Math round Java issue 2.495 to 2 digits = 2.49

Question

First off this is the code I use :

public static float roundAt(float value ,  int digits) {

    double pow = Math.pow(10, digits);
    double retvalue;

    retvalue = (value * pow); 
    retvalue = Math.round(retvalue);
    retvalue = retvalue / pow;

    return (float) retvalue;        
}

So using this method I do the following

if I round these values:

roundAt(0.495f,2) = 0.5
roundAt(1.495f,2) = 1.5
roundAt(2.495f,2) = 2.49

I try to understand the logic behind this but I can't. I want the rounding to act the same everytime so I would get 2.5 with roundAt(2.495f,2). Any idea what's going on ?

Thank you

Answer 1

The reason for that is, that you calculation...

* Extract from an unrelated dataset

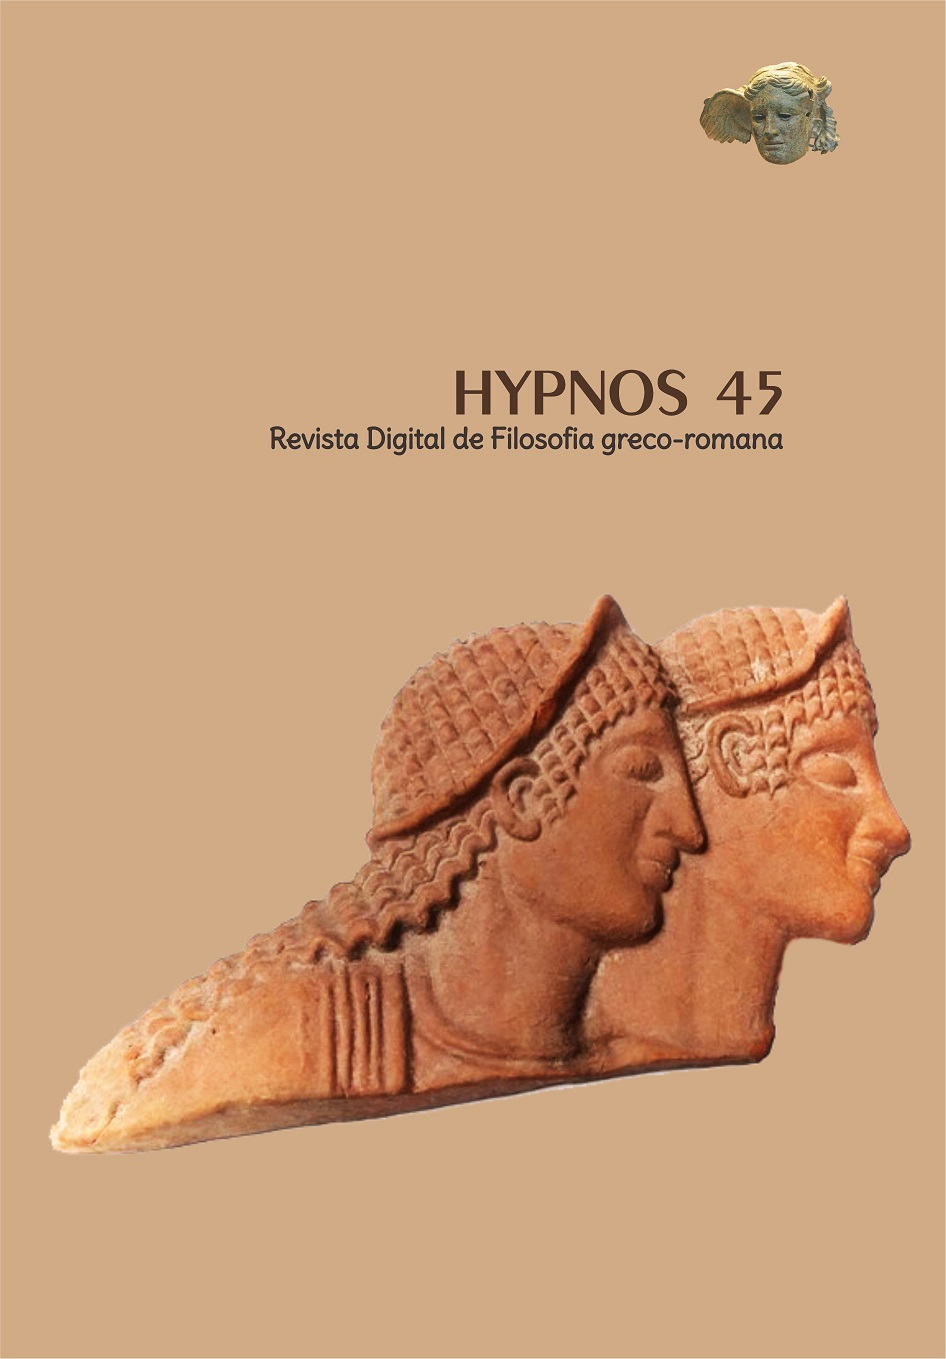 Capa: Cover: escultura antiga em terra cota

retvalue = (value * pow); 

...leads to...

2.495 * 100.0 = 249.4999885559082

Using a double instead of a float will fix that specific problem. Neither float nor double are exact values, but float is even less exact than double and will lead to errors more easily. If you are curious, you will find much material on floating point arithmetics out there.

Answer 2

If you do 2.495f * 100.0 you will notice that the result is 249.4999885559082. Since the decimal part is less than .5, this gets rounded down to 249.0 that, when divided by 100.0, gives 2.49.

If you want more information on how to round a double, check this other answer.